We didn’t have long weekends yet in those days.

It was years later before I learned that the reason for her anxiety was the possibility of a  lay-off notice in dad’s pay-packet. (No unemployment insurance either)

And we almost made it from paycheck to paycheck, but not often, according to my mother.

Now, I personally am not pessimistic enough to suggest that we will ever go back to the conditions prevailing in those days and I must admit that ‘Occupy’ has helped my thinking a bit in that regard.

There can be no question that the last four or five decades have seen vast improvements in the standard of living. Thanks to the hard work and enormous sacrifices of union members in the past - and some major concessions granted working people because of a threatening alternative political system that was rapidly gaining ground in many European countries – we started “having it good.”

It didn’t all come easy; many in the non-union sector criticized the unions and its actions, as if oblivious to the fact that they too benefited from the increase in the living standard, often exponentially so. I thought this was most graphically illustrated by one of Canada’s largest banks when they decided to preserve the facade of their modest two or three story edifice of the fifties and incorporate it in the facade of their new quarters - one of the highest skyscrapers on the Toronto skyline.

But “having it good” meant feeling comfortable, maybe too comfortable.

Many saw no need to leave adolescence behind. We rose - en masse - to the bait of easy credit and the average home of 1500 square feet in the fifties and sixties became the mansion of twice that size.

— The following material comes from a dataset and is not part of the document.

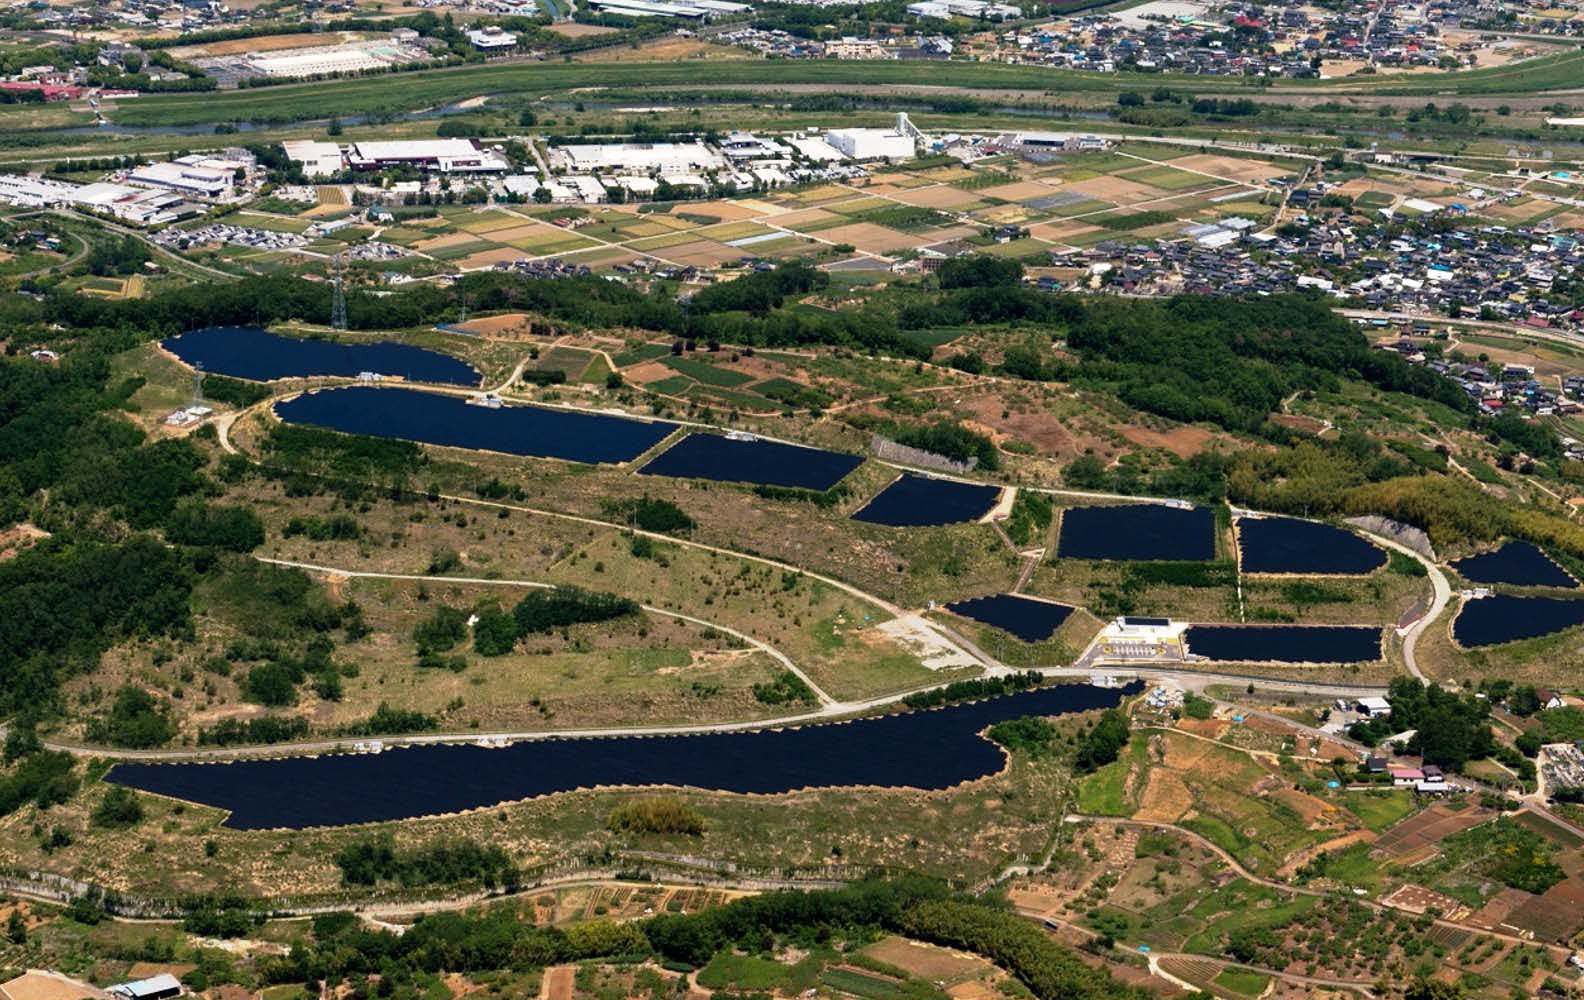 ゆめソーラー館 やまなし・米倉山太陽光発電所のサムネイル写真

The phrase ‘ I deserve it ‘ became like a refrain, all while blissfully unaware that the real world  doesn’t give a hoot about what we deserve. We even had the precious luxury of being able to tell one another that ‘ we live in a free country ‘, a phrase that has started to ring rather hollow since

Bill 22 and the extensive use by both federal and provincial governments of the ‘whip’ of back-to-work legislation.

The apparent ease by which our governments took away the right - the freedom - of public sector unions to negotiate legal contracts is highly disturbing and raises questions about the future of private sector unions.

It has now become obvious that Solidarity - in the sense of unionism - has lost much of its meaning and above all, its potency. Not only because of a declining membership - many jobs having disappeared to China, Mexico and who knows where - but also because many of the  present members can no longer afford to vote for strike action for fear of repossession when without paycheck for any length of time.

Hunger and deprivation leave long memories and it is good that younger generations were spared these. But only having known the good times comes with a certain vulnerability I think, and we can only hope for enough awareness to know that freedom and prosperity walk hand in hand.

That once freedom is taken away from us, prosperity is bound to follow.

While it is certainly gratifying to see the obvious signs of prosperity for working people today, it would be foolish to ignore the many clear signs that all is not well in the land of plenty: The many young adults that can’t afford to leave the nest, the even greater number of kids having to go to school in trailers, the lack of affordable long-term-care facilities, the sky-rocketing cost of higher education and the increasing number of food banks are just a few of them.

A bit of soul searching on our part might not be amiss, especially when election time rolls  around again.